Dann ging er plötzlich. Es sei alles wieder in Ordnung, sein Kollege warte nebenan. Weg war er. "Da kam mir das komisch vor. Ich rief die Hausverwaltung an — und die riet mir sofort die Polizei zu holen."

Das tat die Seniorin — und erst die Polizistin, der sie den Vorfall schilderte, bemerkte, warum der falsche Stadtwerker wirklich da gewesen war: "Als er sich angeblich an der Heizung zu schaffen machte, hat er auch die Geldbörse aus meiner Handtasche genommen." 900 Euro fehlten daraus. Die hatte die Haushaltshilfe erst am Morgen für die Rentnerin von der Bank geholt.

Auch im Bad hatte der Dieb offenbar nach Wertsachen gewühlt. "Zum Glück hat er meinen Schmuck übersehen, weil ich versehentlich ein Handtuch auf der Schatulle liegen hatte", sagt die alte Dame, für die Angst bisher ein Fremdwort war. Jetzt zuckt sie jedes Mal zusammen, wenn es klingelt. Sie hat den Mann genau gesehen, würde ihn jederzeit wieder erkennen. Das wird ihr nun zum Problem. Überall sieht sie sein Gesicht. Und kommt aus dem Grübeln nicht heraus. "Warum gerade ich? Was hätte er mir noch antun können? Wird er wieder kommen?"

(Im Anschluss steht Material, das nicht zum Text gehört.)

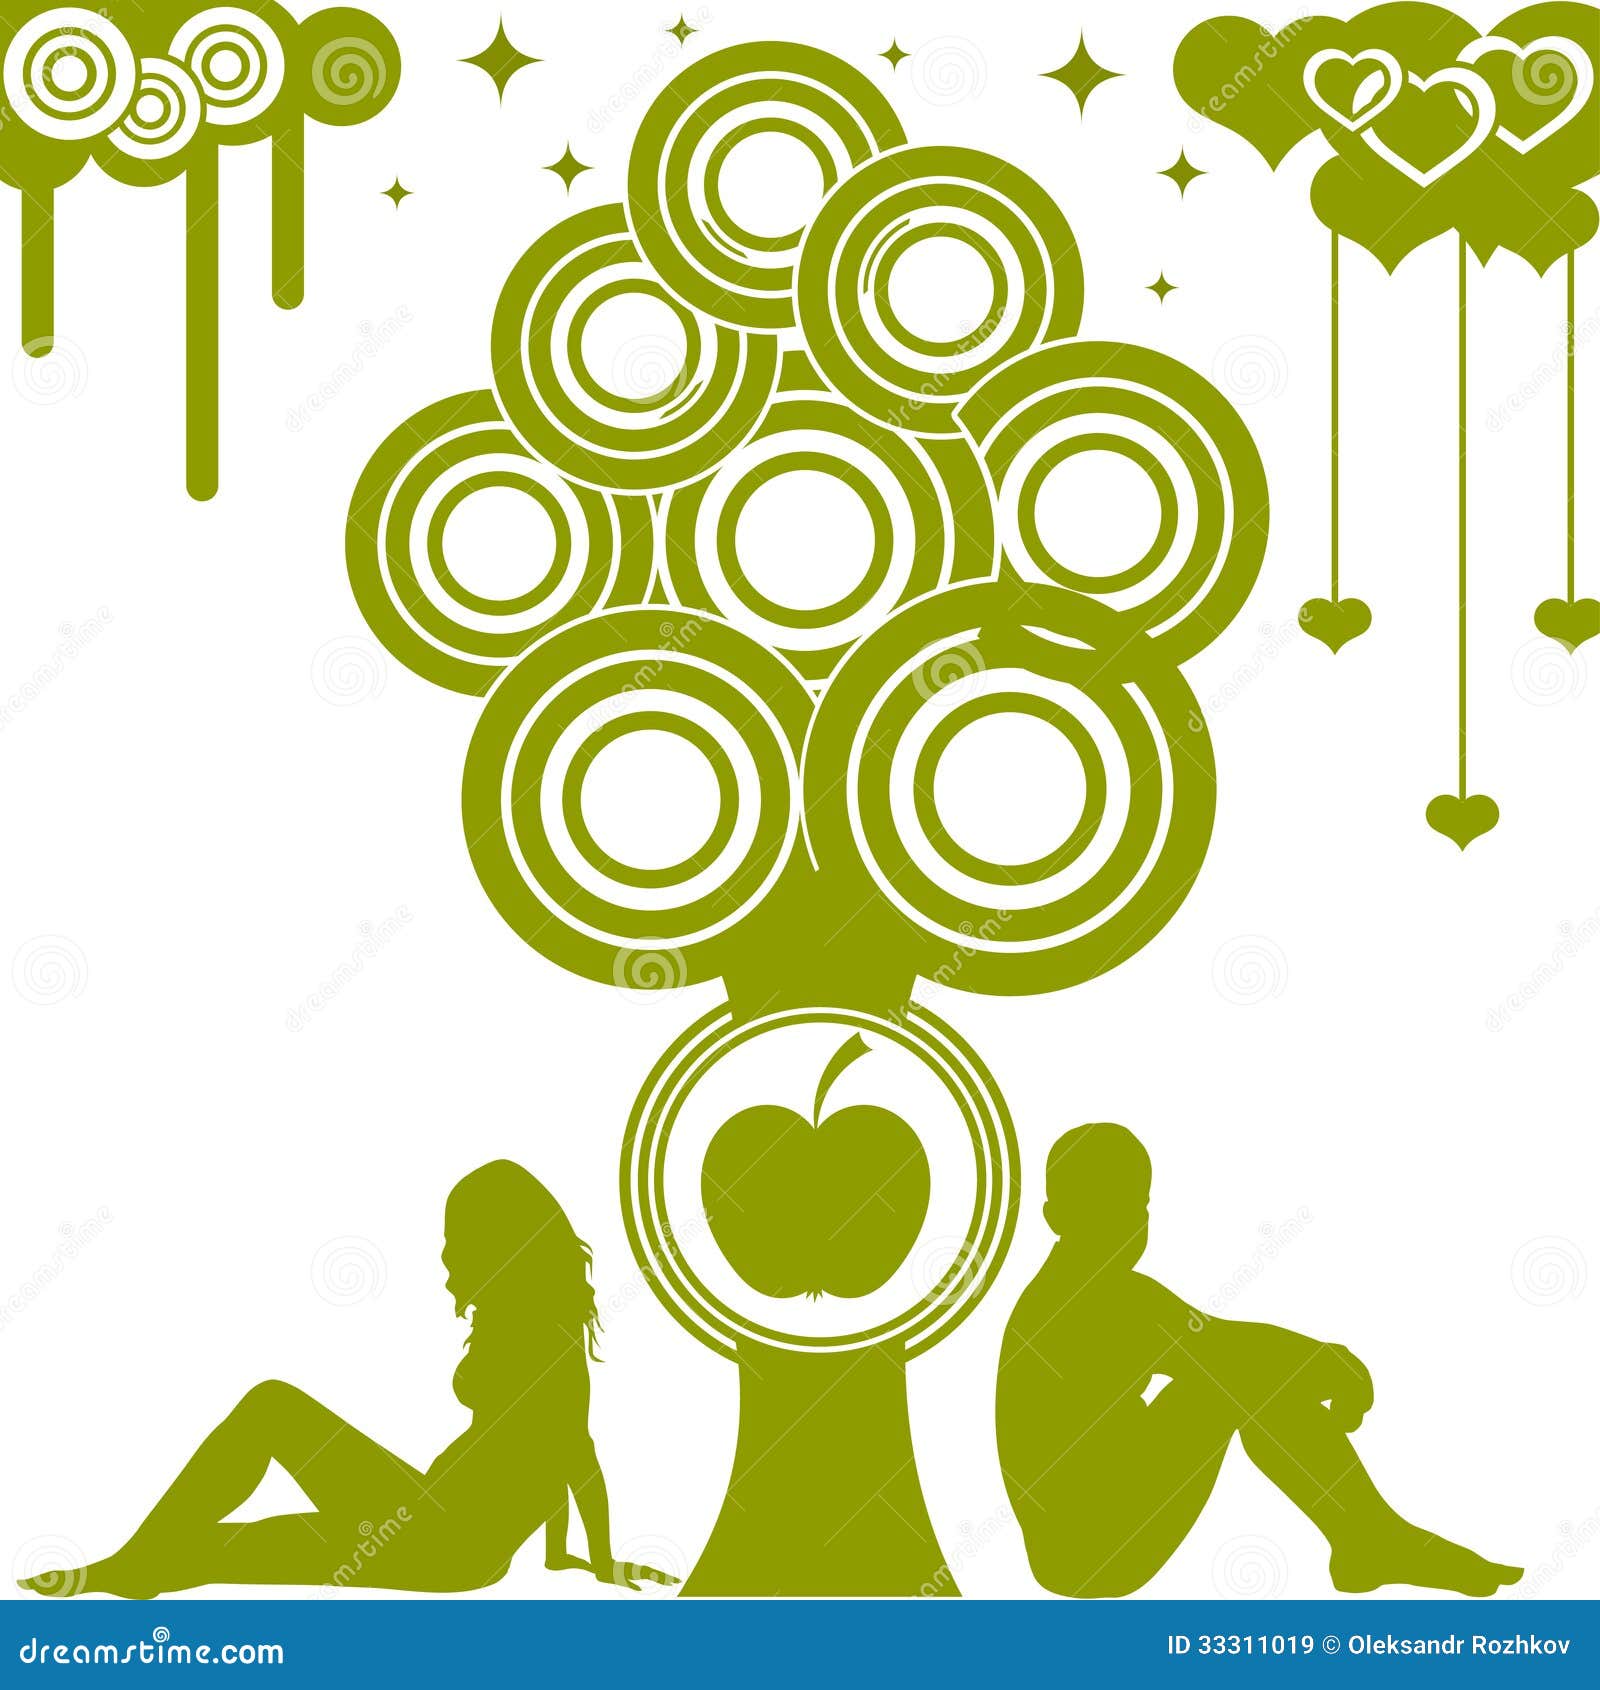 Adam And Eve Eps10 Stock Vector Illustration Of Apple 33311019

Die Polizei schließt das aus. "Diese Täter suchen nicht bestimmte Personen aus — denen ist egal, wen sie bestehlen", sagt Polizeisprecher André Hartwich. Weil sich die Trickdiebe bei älteren Menschen mehr Erfolg versprechen, suchen sie allerdings gezielt Senioren. Die finden sie über Adressdatenbanken, aber auch, indem sie im Telefonbuch nach altmodischen Vornamen suchen — oder aus der Fensterdekoration an Mietshäusern auf das Alter der Bewohner schließen.

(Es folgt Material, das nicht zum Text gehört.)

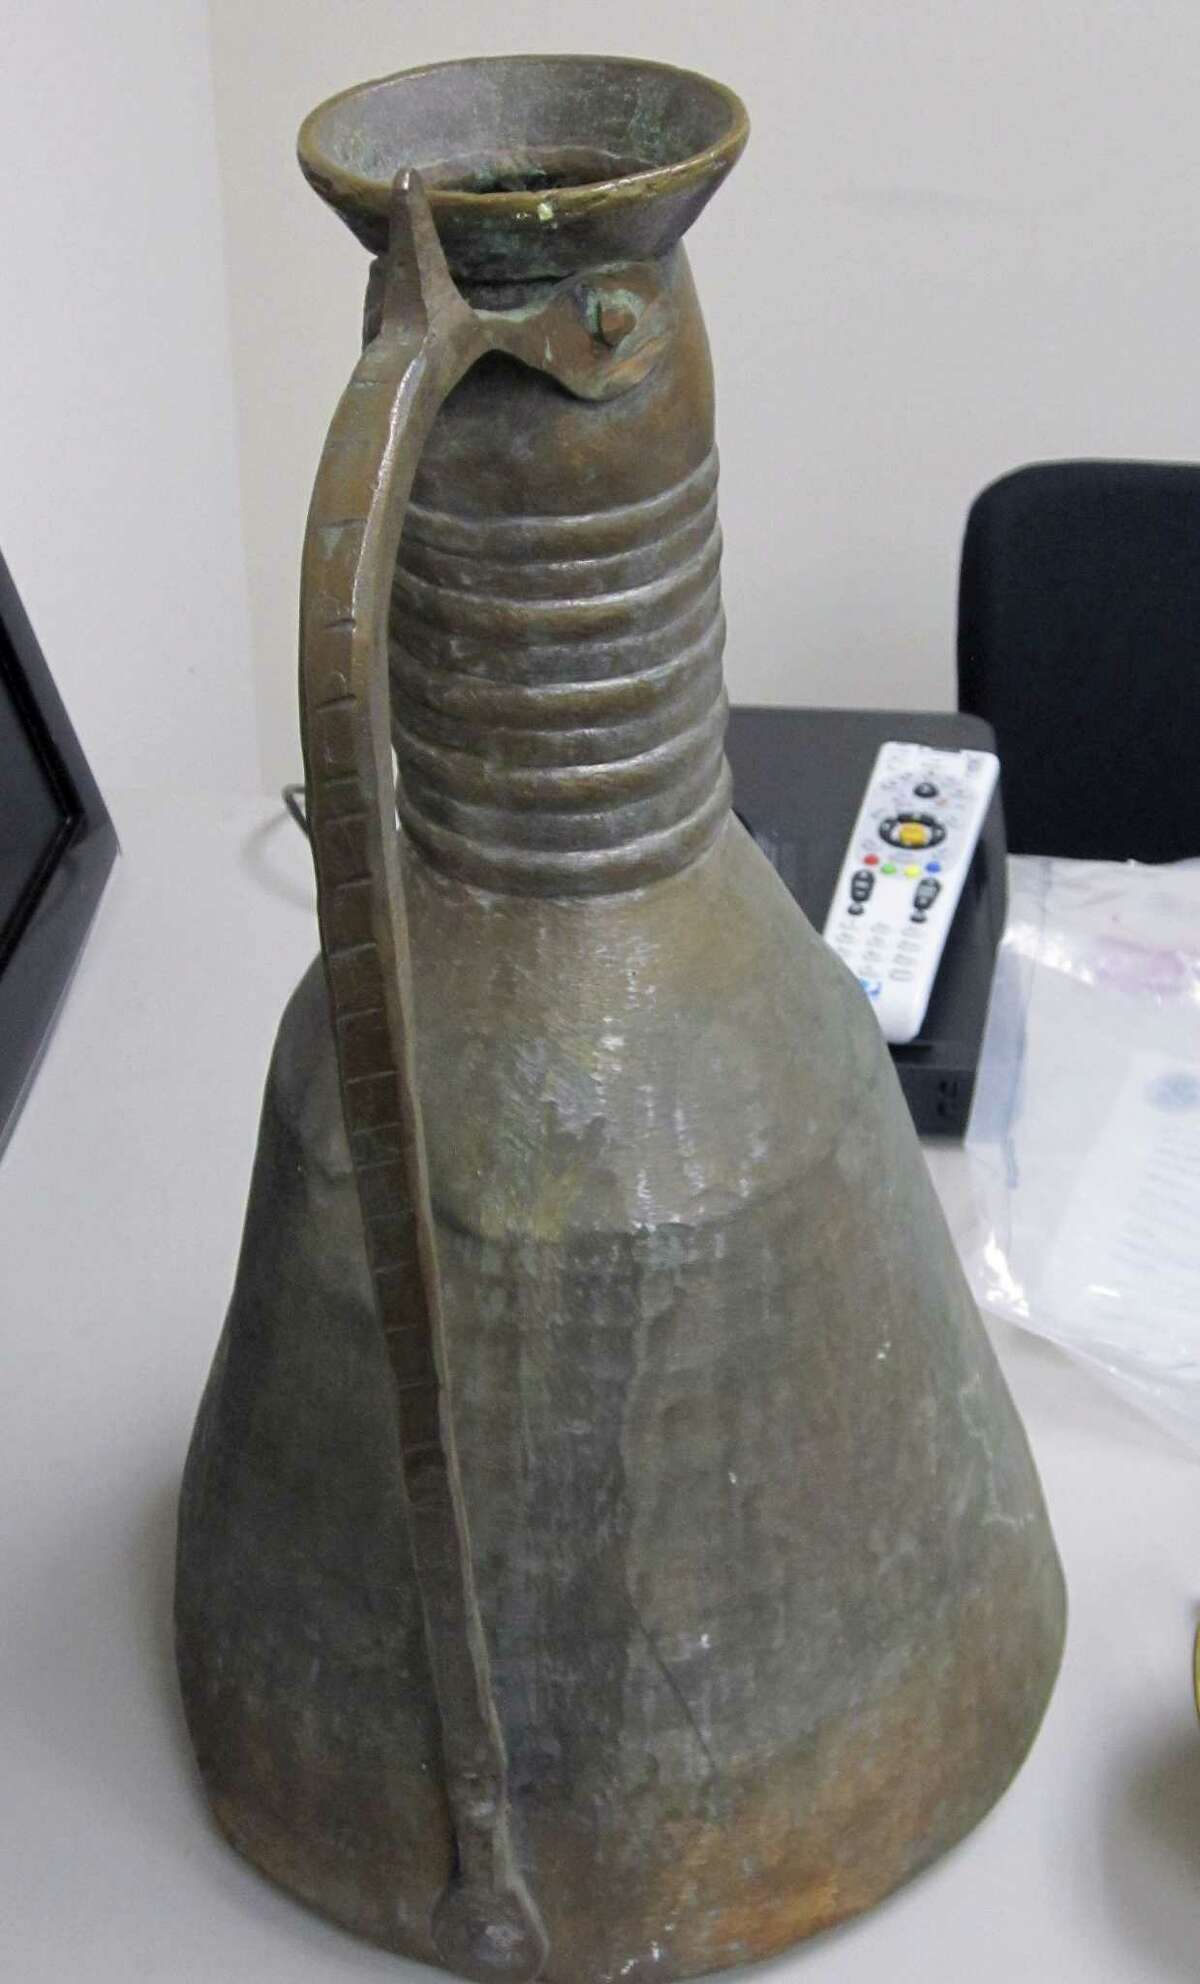 FILE - This undated file photo released by U.S. Immigration and Customs Enforcement shows a water urn, one of many items looted from Saddam Husseinís palaces, that were recovered by federal investigators and formally repatriated to Iraq in a March 16, 2015, ceremony at the Iraqi consulate in Washington. Officials traced the urn to an American defense contractor who worked in Iraq and who acknowledged taking it. Laws prohibit the export and sale of antiquities that belong to foreign governments. The case was presented to federal prosecutors in Connecticut but they declined to file charges. (AP Photo/U.S. Immigration and Customs Enforcement, File)

Margarete Clausnitz hat sich jetzt eine Sicherheitskette an die Tür montieren lassen und will eine Gegensprechanlage mit Videokamera. "Damit mir das nicht noch einmal passiert", sagt sie. Gegen ihre Ängste hilft das nichts. Sie hat Rat beim Weißen Ring gesucht und sich nach Hilfseinrichtungen wie der Ambulanz für Gewaltschutzopfer beim Gesundheitsamt erkundigt. "Vielleicht gehe ich da mal hin."